No, the rightist counter-argument would be nothing but bald-faced hypocrisy, but unfortunately, the Right has no problems with cognitive dissonance. They will (and do) argue out of both sides of their mouths all the time. They’ll obsess over a private email server, then turn around and be even more careless with their own government correspondence without even thinking twice. A certain presidential candidate had no problem saying immigrant rapists were destroying America while telling black people to take a chance on him, because what do you have to lose? “Hey, people of color! Take it from a racist — the Democrats aren’t your friends.”

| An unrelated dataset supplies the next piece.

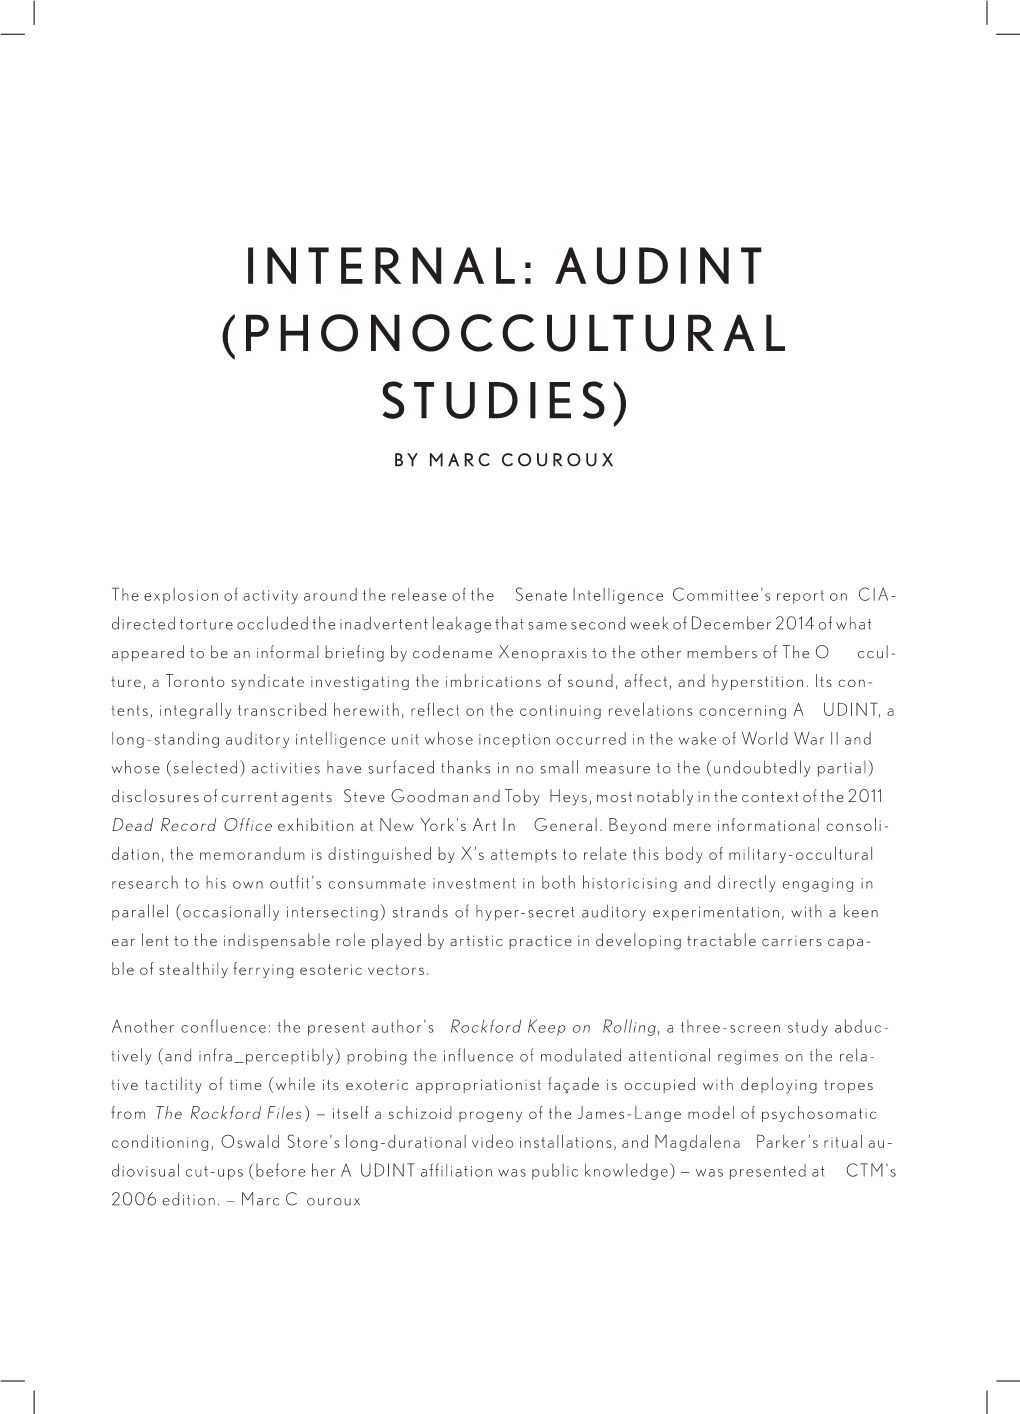 Internal: Audint (Phonoccultural Studies)

At some point, Democrats will have to realize people like that aren’t engaging in good faith and start ignoring them. They need to take it to The People directly, with conviction and without apologizing for it, and make clear that it’s in the interests of white men and women to broaden the implicit definition of liberty. Many white men and women think: it won’t happen to me. I’m protected — and indeed, they are, but not explicitly.

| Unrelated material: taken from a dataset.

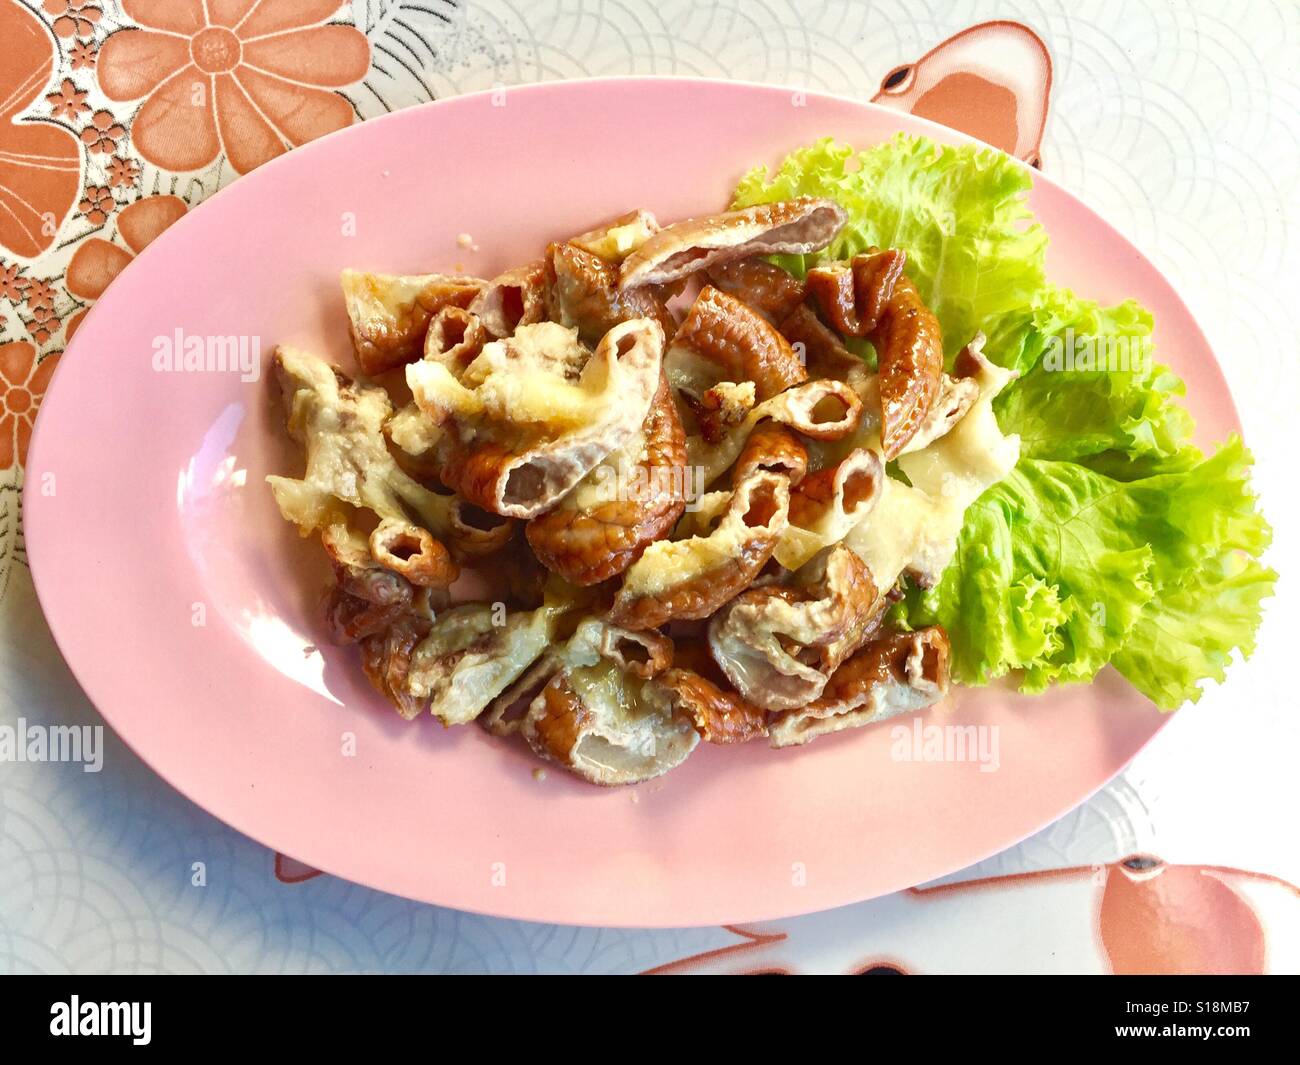 Exotic Thai food - A plate of Sai Moo Yang (Grilled pork intestines, Chiang Mai, Thailand Stock Photo

Let’s take something closer to home. Do you engage in certain acts your jurisdiction might find obscene? Have you ever had a cosmetic medical procedure? The Constitution does not enshrine these things as rights. Who’s to say that conservative states won’t start to regulate private sexual behavior more broadly. Adultery? Vibrators? Boob jobs? Why not outlaw these things as harmful to society? Will the unspoken rule that the laws don’t apply to well-to-do white people protect you then, or could many states become theocracies in all but name? Could laws against sodomy (read: blowjobs) return? Do straight white people want to be able to give and receive cunnilingus without fear of government interference? If Mr. Grab-Them-by-the-Pussy comes to power again with a compliant court and complicit congress, maybe he’ll decree mandatory presidential liaisons for all 9’s and 10’s and burqas for 4’s and below. Look at Florida and Texas and Idaho. They’re already making it illegal to make straight white people uncomfortable by talking about racism, gender identity, and homosexuality. They’re letting private citizens sue other private citizens for certain acts. What other forms of thought and action will they be able to move to the far side of the line?
Absent a clear statement about privacy and universal personhood, it’s easier than people think to wind up on the wrong side of that line.
This is America, and the line has always been weirdly razor thin. We somehow walk a tightrope of being a country created on principles of freedom and liberty, implicitly limited to certain people. The line has expanded and trended towards decency, despite a history of awfulness; but occasionally it backslides, and we somehow manage to avoid letting it make us see ourselves as tyrants and despots, despite incarcerating so many of our own citizens, despite rounding up Japanese-Americans without a second thought during time of war, and despite moments like this when we decide certain liberties aren’t worth defending.
They are. The wider the line, the safer we all are. We just need everyone to realize it — even those who have benefitted from the way the line was has historically been drawn.